**TASK INSTRUCTIONS**
When you copy the listing, skip the images and return each line verbatim.

**DATASET CONTENT**
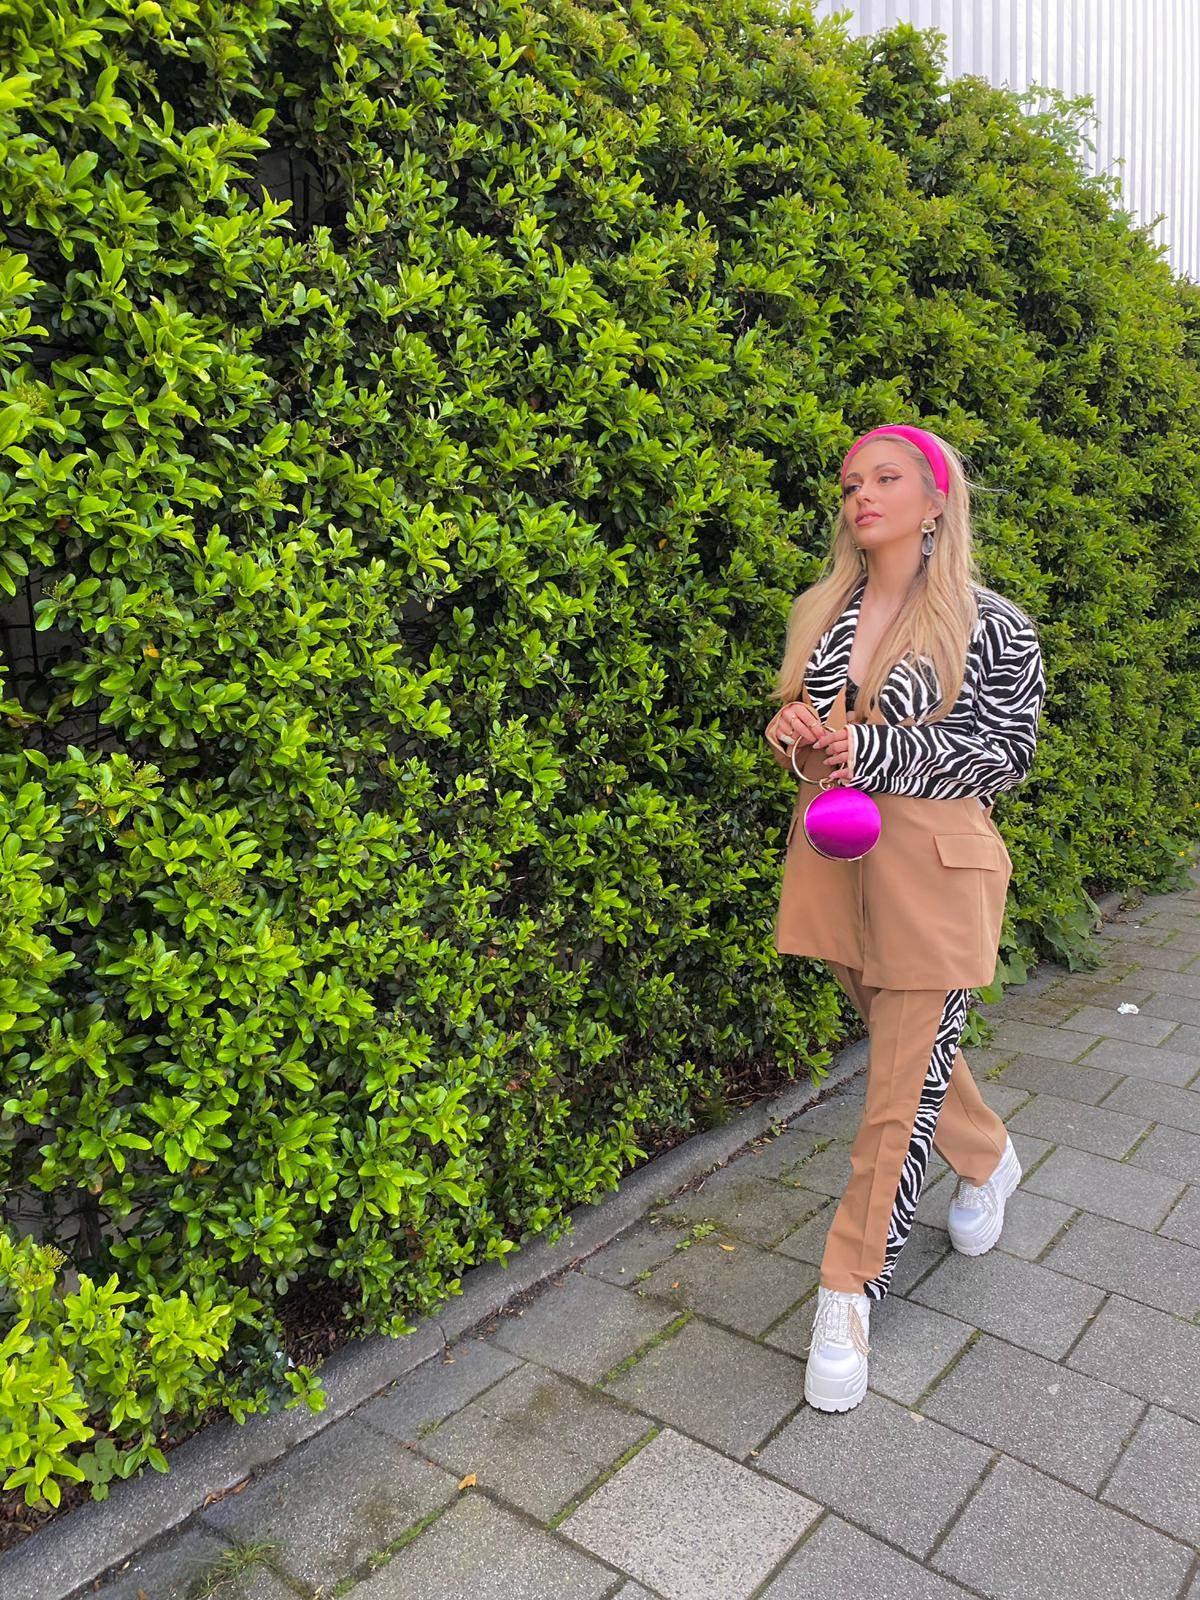 albina grčić
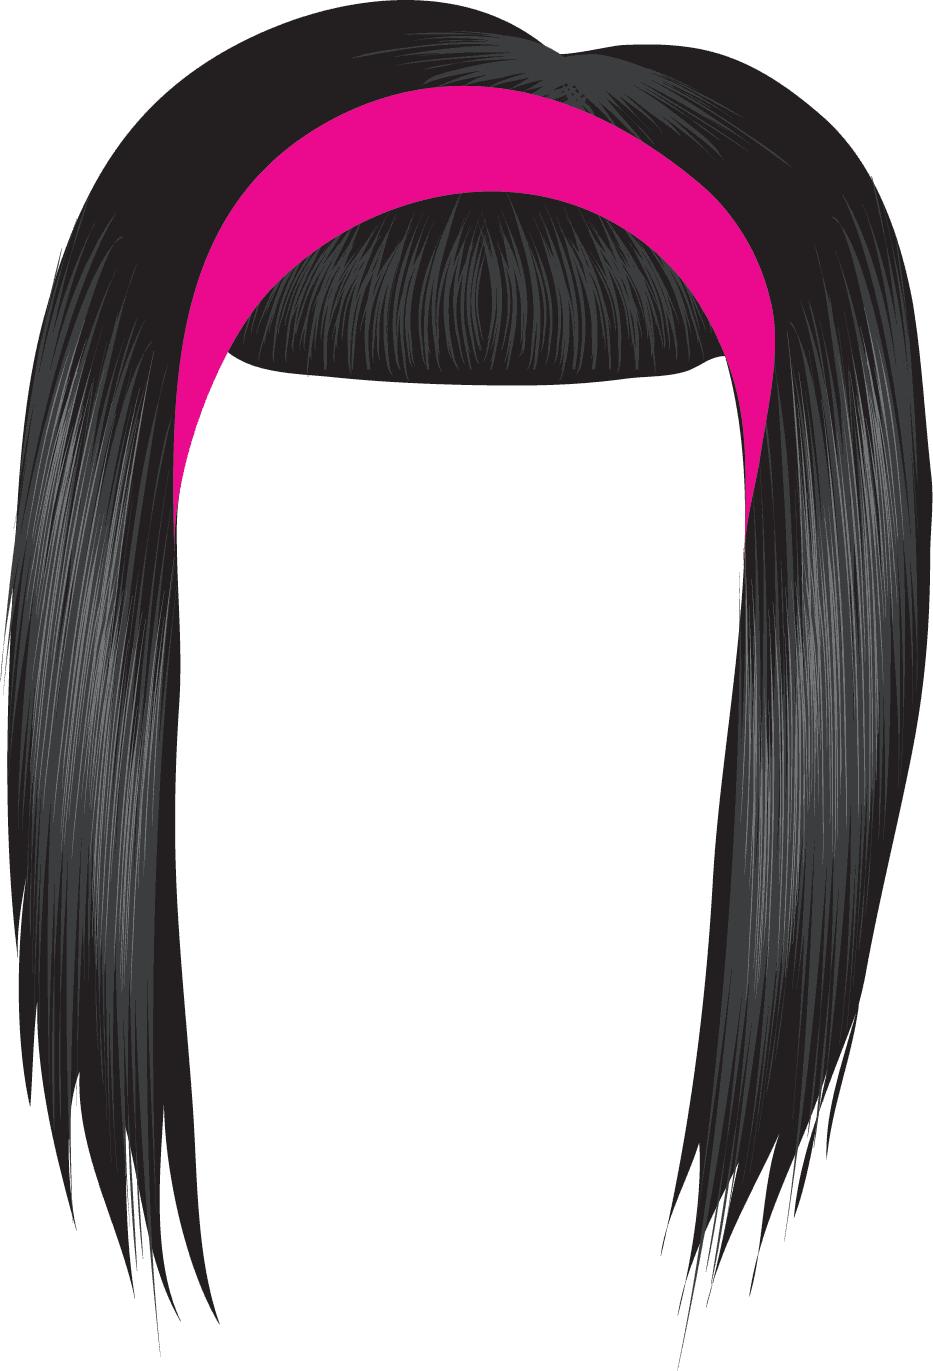 Clip Art Hair Clipart hair clip clipart kid black panda free images
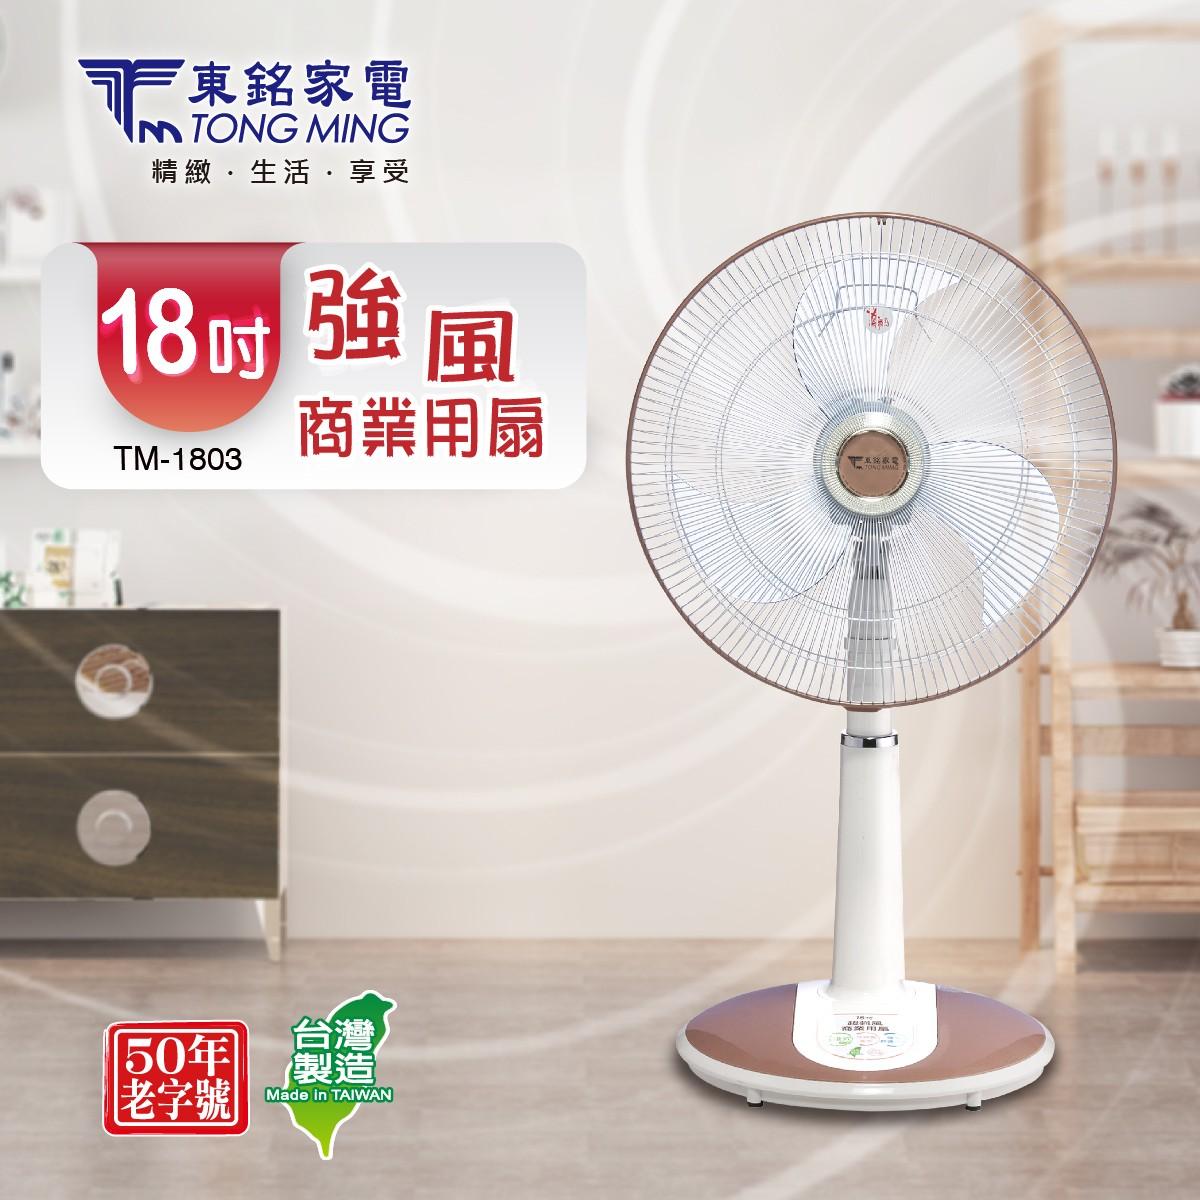 東銘 18吋強風商業用扇 TM-1803 工業電風扇

**THE COMPLETED TASK**
 albina grčić
 Clip Art Hair Clipart hair clip clipart kid black panda free images
 東銘 18吋強風商業用扇 TM-1803 工業電風扇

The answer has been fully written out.